Problem to work on — Your task is to find every line of the data that holds the string "Storage" and copy it.

Saved entries —
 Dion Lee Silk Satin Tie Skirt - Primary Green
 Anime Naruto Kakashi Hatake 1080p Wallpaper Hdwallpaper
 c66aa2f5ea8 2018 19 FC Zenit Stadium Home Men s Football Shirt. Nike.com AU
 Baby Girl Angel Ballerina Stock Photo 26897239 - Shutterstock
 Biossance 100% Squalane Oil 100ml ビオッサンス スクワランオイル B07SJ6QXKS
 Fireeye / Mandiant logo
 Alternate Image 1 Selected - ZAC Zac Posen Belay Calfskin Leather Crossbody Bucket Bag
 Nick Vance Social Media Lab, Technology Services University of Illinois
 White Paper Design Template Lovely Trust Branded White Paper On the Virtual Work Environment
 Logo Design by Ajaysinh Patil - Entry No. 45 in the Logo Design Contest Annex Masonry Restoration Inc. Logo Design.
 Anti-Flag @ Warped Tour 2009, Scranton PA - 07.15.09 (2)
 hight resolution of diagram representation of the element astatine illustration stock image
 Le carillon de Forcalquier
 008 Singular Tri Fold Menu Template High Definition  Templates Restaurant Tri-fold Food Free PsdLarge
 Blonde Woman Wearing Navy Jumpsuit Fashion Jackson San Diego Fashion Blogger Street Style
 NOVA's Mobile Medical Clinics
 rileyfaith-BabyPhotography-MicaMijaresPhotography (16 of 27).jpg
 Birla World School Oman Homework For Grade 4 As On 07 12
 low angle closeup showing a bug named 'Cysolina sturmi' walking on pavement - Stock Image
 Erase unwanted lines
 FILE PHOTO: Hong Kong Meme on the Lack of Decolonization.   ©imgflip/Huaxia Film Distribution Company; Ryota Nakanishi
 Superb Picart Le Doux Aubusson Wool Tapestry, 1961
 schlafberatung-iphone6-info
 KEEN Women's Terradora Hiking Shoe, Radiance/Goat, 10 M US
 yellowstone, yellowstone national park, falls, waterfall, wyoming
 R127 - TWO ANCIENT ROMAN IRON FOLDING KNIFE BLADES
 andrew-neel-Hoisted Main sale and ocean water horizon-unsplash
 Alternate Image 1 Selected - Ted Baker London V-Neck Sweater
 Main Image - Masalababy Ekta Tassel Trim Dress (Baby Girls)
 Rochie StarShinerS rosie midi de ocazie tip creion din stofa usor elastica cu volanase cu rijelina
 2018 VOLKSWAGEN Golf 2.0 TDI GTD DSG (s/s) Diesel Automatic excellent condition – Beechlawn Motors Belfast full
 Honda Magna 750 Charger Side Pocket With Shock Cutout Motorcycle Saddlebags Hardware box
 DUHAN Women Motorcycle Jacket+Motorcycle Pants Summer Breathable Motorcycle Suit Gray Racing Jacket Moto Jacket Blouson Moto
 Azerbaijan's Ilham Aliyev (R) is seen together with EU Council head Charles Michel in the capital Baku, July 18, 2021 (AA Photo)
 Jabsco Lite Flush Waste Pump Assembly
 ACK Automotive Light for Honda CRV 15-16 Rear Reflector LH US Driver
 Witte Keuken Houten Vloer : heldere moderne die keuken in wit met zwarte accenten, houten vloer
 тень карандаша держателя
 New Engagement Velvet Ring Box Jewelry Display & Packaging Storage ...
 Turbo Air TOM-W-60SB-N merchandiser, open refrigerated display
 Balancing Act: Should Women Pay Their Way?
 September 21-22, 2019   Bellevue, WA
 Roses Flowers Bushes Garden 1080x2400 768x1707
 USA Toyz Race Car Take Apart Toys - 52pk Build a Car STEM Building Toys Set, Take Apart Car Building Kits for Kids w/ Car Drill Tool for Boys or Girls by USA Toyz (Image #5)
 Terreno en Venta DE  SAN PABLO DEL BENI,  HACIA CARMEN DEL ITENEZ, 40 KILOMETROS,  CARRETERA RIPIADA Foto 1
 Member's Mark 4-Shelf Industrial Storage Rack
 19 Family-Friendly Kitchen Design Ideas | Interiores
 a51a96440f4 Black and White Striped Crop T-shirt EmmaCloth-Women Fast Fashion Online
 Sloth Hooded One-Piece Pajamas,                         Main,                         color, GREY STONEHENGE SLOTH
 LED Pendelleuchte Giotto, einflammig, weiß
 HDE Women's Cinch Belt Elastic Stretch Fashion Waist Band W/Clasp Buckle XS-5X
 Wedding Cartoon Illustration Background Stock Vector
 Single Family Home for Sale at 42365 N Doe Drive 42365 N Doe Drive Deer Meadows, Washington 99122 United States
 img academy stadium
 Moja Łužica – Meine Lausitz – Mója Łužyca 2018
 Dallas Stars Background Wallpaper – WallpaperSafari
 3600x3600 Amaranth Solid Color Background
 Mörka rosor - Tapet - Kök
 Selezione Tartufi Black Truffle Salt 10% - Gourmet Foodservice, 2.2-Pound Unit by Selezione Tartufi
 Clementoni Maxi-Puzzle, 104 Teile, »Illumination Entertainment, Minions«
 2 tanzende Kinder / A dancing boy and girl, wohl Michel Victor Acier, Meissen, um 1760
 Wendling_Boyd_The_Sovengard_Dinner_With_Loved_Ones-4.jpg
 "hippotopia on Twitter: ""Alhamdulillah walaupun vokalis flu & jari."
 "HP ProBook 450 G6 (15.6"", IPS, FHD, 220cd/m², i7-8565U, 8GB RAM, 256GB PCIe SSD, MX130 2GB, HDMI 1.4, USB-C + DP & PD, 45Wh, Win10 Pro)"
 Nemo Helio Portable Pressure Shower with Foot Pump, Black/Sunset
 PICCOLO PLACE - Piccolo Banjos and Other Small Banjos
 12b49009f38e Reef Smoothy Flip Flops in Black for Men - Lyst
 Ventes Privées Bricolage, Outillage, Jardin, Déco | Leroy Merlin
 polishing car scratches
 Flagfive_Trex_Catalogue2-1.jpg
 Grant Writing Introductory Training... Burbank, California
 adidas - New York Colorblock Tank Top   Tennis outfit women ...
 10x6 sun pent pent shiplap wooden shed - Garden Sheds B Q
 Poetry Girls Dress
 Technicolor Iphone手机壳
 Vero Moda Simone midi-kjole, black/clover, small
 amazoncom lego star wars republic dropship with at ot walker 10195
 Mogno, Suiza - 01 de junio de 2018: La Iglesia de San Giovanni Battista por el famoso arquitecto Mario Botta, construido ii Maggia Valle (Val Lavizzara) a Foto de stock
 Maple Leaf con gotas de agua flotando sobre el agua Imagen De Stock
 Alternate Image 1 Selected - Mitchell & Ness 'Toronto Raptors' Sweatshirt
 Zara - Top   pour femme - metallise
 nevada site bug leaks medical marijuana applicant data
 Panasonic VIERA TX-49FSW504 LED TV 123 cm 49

Finished exercise —
 New Engagement Velvet Ring Box Jewelry Display & Packaging Storage ...
 Member's Mark 4-Shelf Industrial Storage Rack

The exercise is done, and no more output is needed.